> _Problem requirements_: Copy the listing that follows exactly. Its pictures do not belong in the copy.

[[ The data open ]]

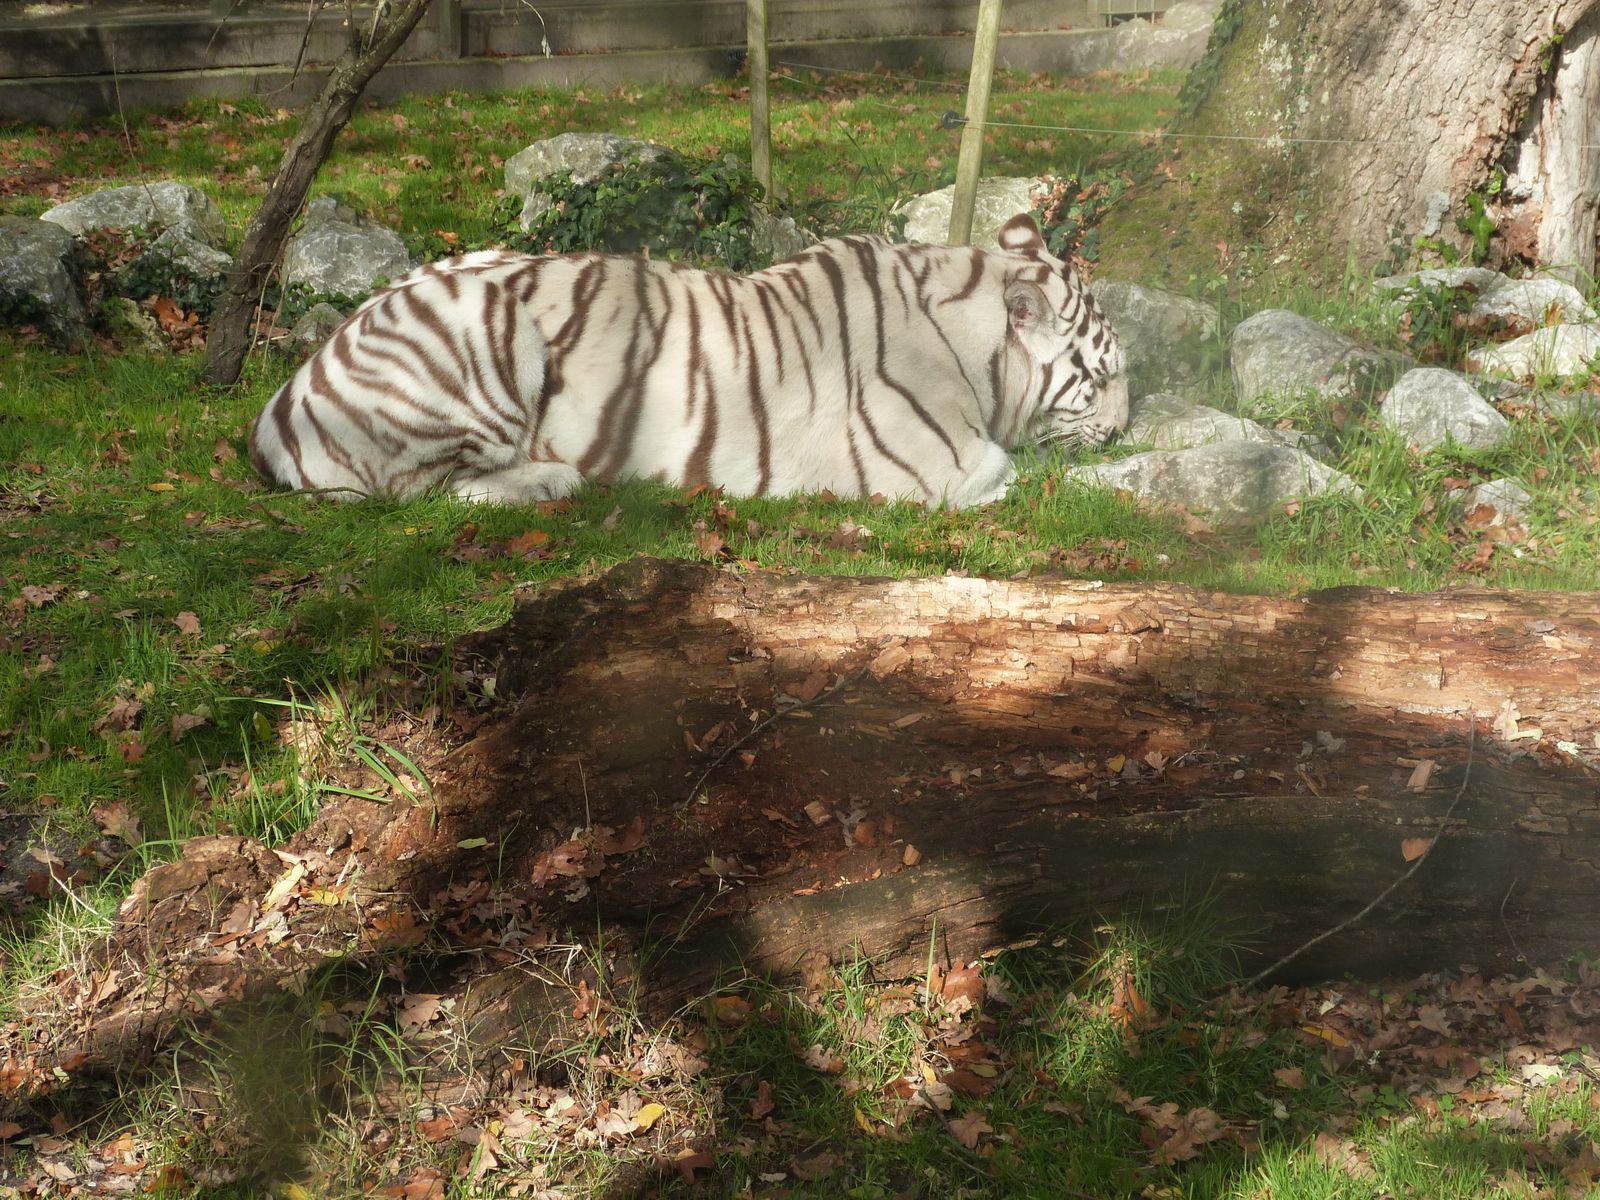 Notre visite au Zoo de pessac, novembre 2012
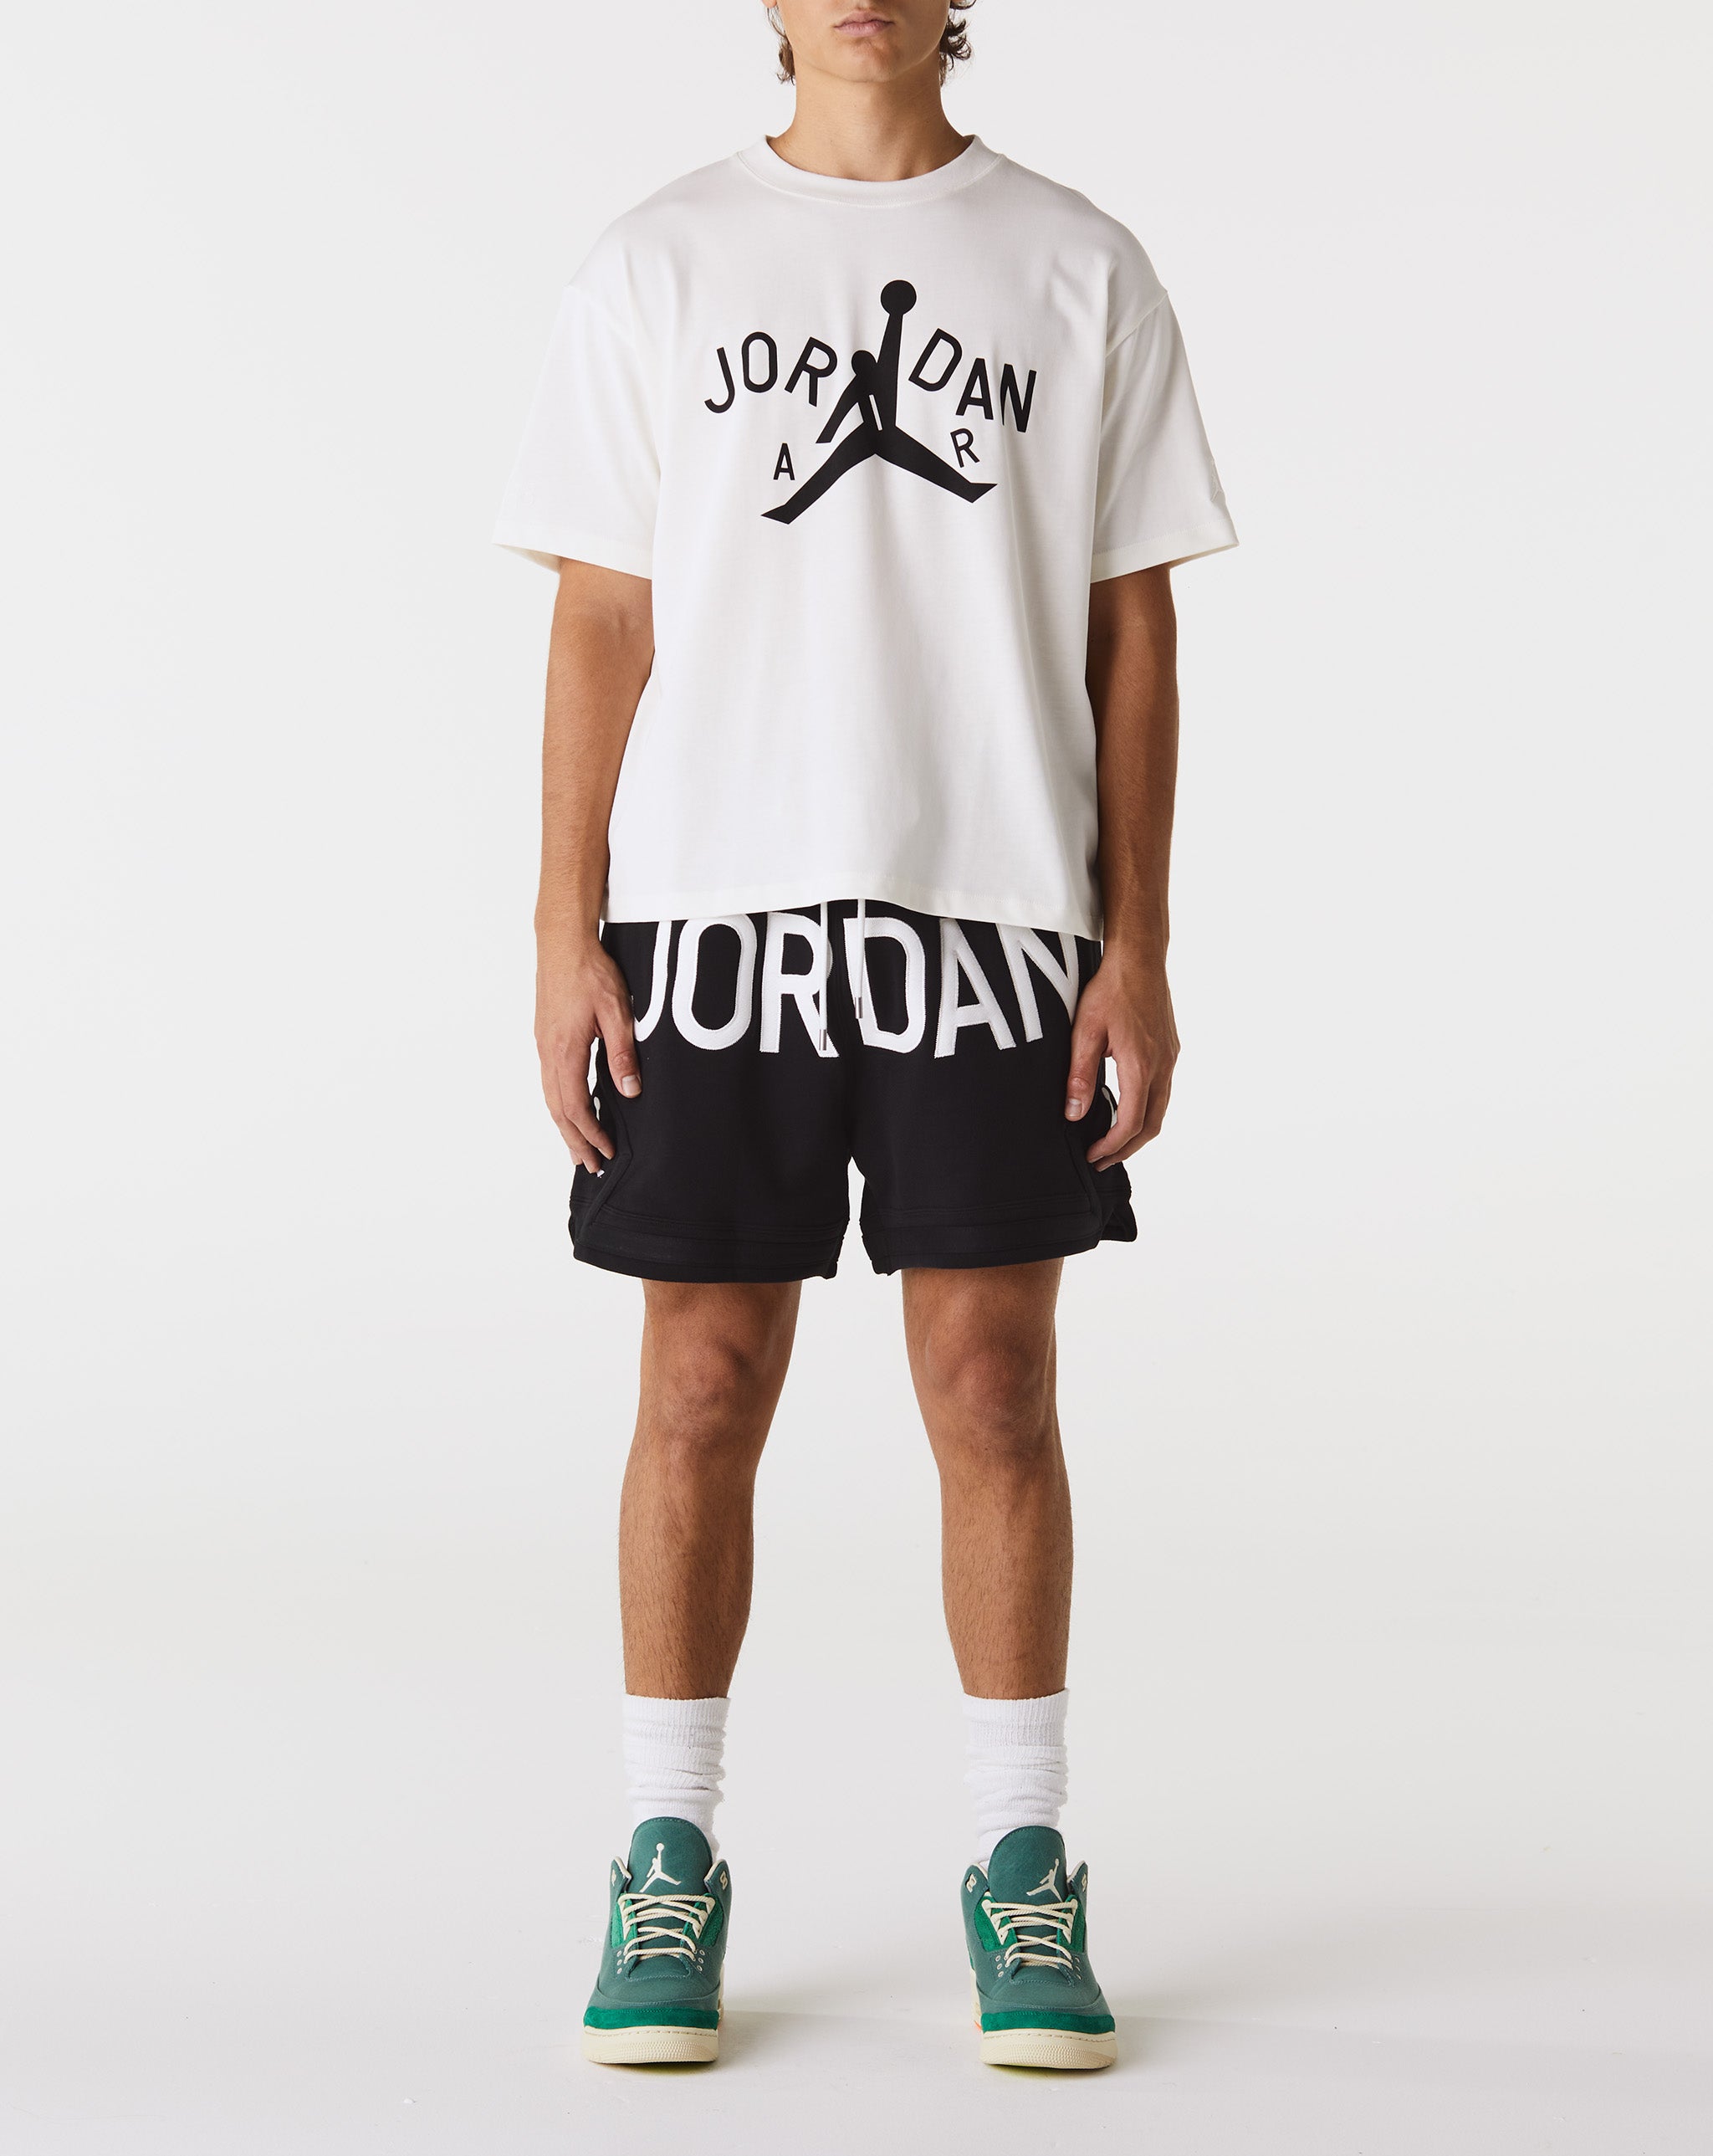 Air Jordan Nina Chanel Abney x Shorts  - Cheap Cerbe Jordan outlet
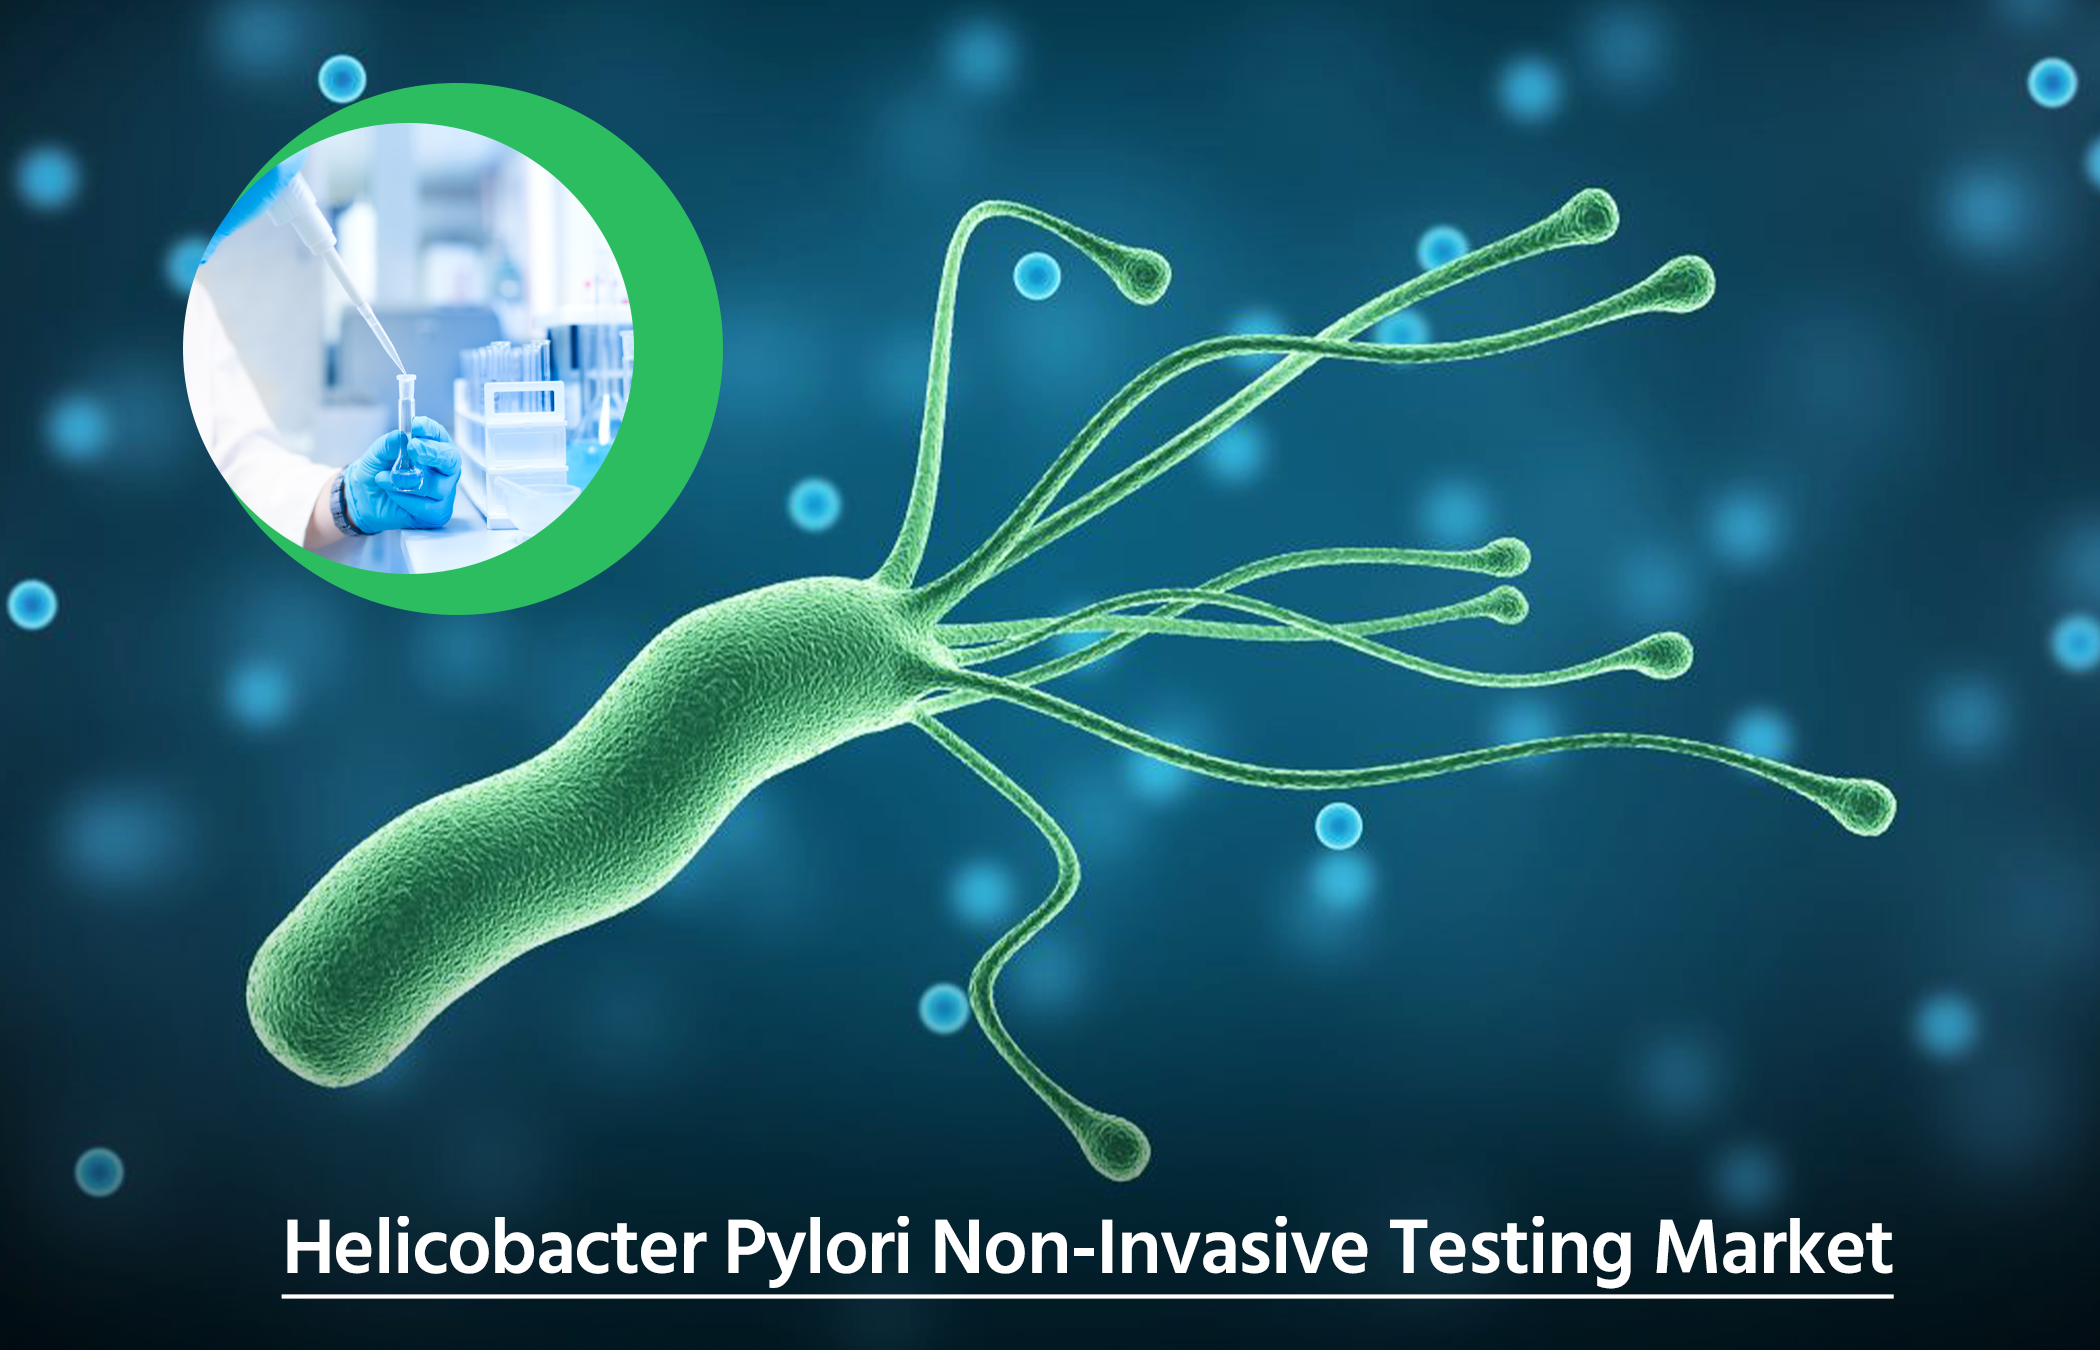 Helicobacter Pylori Non-invasive Testing Market Analysis by Top Players (2019-2030) | Meridian Bioscience, DiaSorin S.p.A, Sekisui Diagnostics, Biomerica, CorisBioconcept SPRL

[[ The data closed ]]

> _Response to the exercise_:
 Notre visite au Zoo de pessac, novembre 2012
 Air Jordan Nina Chanel Abney x Shorts  - Cheap Cerbe Jordan outlet
 Helicobacter Pylori Non-invasive Testing Market Analysis by Top Players (2019-2030) | Meridian Bioscience, DiaSorin S.p.A, Sekisui Diagnostics, Biomerica, CorisBioconcept SPRL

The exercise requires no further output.